A few months later, Sly caught on to how grown-ups eat bananas and he was intrigued. I know he was intrigued because, when he was 10 months old, he stole a banana from an actor named Jimmy at a rehearsal to which I’d brought him. Jimmy was very nice about it. Sly ate almost the whole thing and I don’t think Jimmy had any other snacks. So after the Jimmy debacle, I started peeling bananas and let Sly take bites. He was so proud of himself. Those five minutes he’d spend gingerly eating one of my least favorite foods were filled with joy and wonder for me. I’d equate it to watching your child pop wheelies or crest a wave on a surfboard, but scaled back a bit. This went on for a few weeks.

One day, I offered a banana, Sly took a bite, spit it on the floor and walked away. Either the banana was tainted or he was confused. Or maybe concussed. He must’ve been concussed! I tried again, chasing after him with the non-fruit flapping in my hand. “Do you want to try it again?” I asked, smiling. “It’s really good,” I said, doing the thing that I’d read I wasn’t supposed to do, and also lying. “Look, I’m eating it!” I shouted, and then I took a bite. It was horrible. The banana, my desperation, all the feeding rules I was breaking.

So important had it become to me that my son consume all of the foods he once entertained but now would firmly not that, two days ago on the playground, I gestured to his friend who was eating a mozzarella cheese stick and said, “Sly, do you see Maya eating her cheese?” Sly didn’t see Maya because he was already halfway to the metal horse twenty feet from us. “Neigh, neigh,” he yelled. The horse wasn’t going to make him eat anything. The horse let Sly pet his cold metal side.

I was madly pinballing between what I’d read in books and online about HOW TO FEED YOUR CHILD SUCCESSFULLY AND EASILY AND HEALTHFULLY and what my son actually wanted to eat and my own depths of eating empathy (these depths are, in fact, profound - I didn’t put milk in my cereal until college). Who had I become? I can’t blame Instagram and all the photos of stainless steel lunch box compartments artfully filled with brightly colored fruits and vegetables and rare grains. When you find yourself getting angry at Instagram or Pinterest or parenting blogs, you probably need a nap or snack. You probably, if you are like me, need to fling your phone halfway across the room and forget where it went for several hours.

I swore off lima beans the first time I tasted them, no matter the sauce or the salting. But I’ve always loved broccoli and grapefruits. I’ve even grown to adore marinara sauce, though I once politely asked my friend’s mother to wash it off my pasta before resuming our Golden Girls viewing on her waterbed. If young, picky Katie was here for all this mishegas, I think she’d call me buster and tell me to back off. She’d tell me that I didn’t actually know everything and that she did know some things! She’d ask me to boil water for pasta and make sure we had Parmesan cheese. She’d disappear into my son’s room and I’d overhear him laughing really hard at some old lady voice she was doing, probably making fun of me.

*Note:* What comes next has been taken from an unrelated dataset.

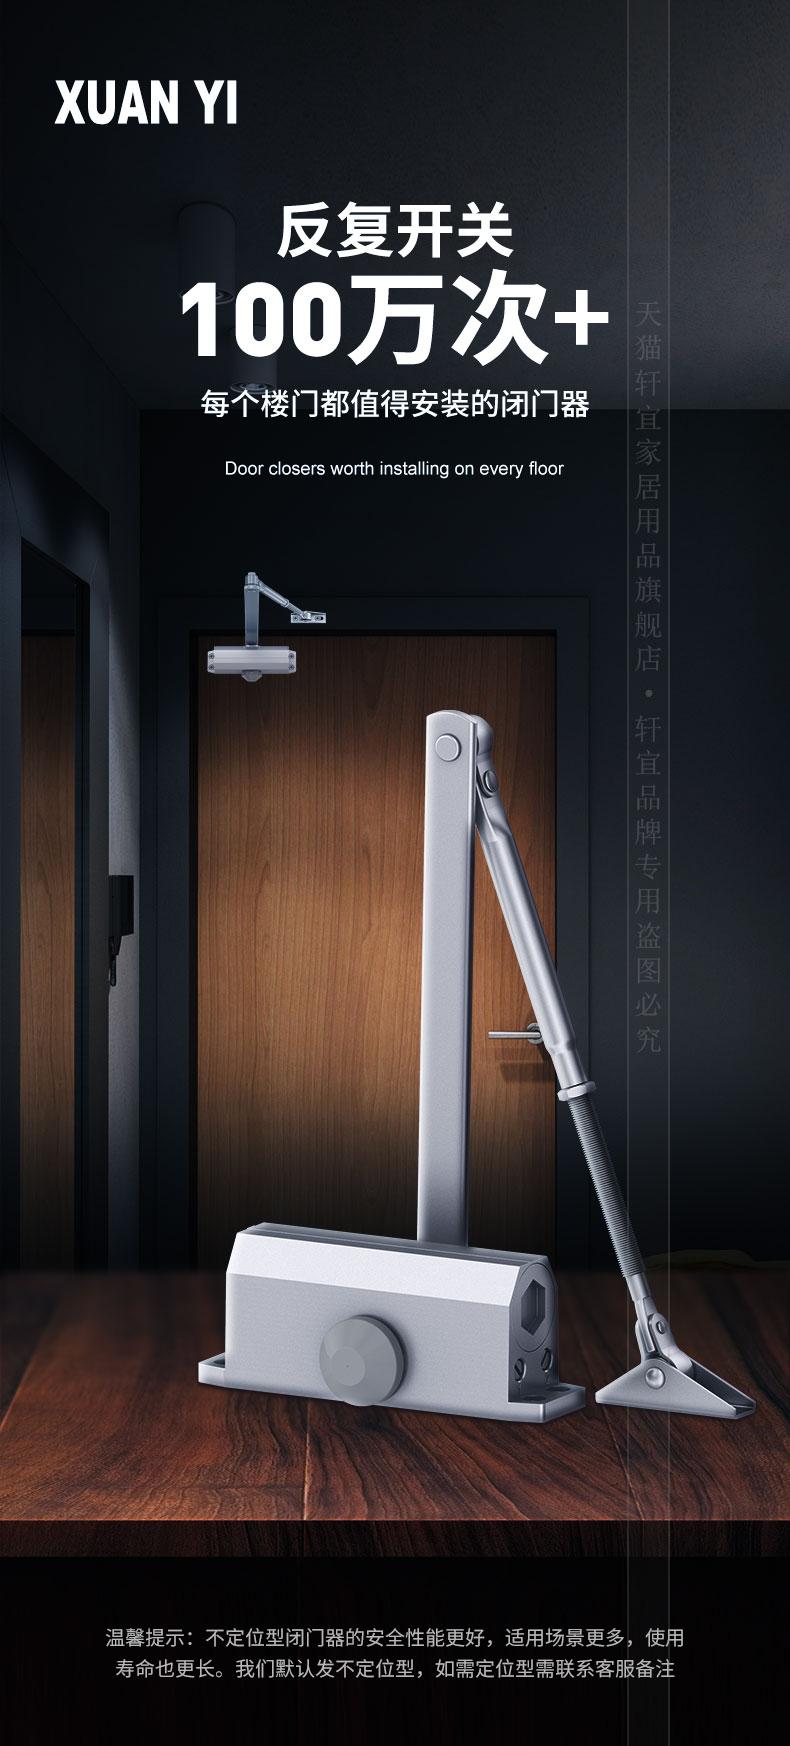 液压缓衝闭门器静音家用木门免打孔室外隐形防火铁门自动关门神器详细照片

When I look at my son, I can’t connect him not wanting to eat certain foods with him struggling in life in general. Pickiness is, for a lot of kids, just an assertion of independence and a phase. But if, like me, he’s a picky eater for a long time, then may he always have a compatriot in a world that doesn’t give him a break. May that person be me and may I respond to yet another person asking, “Is he a good eater?”, with kindness, good will, and the words, “Who fucking cares?”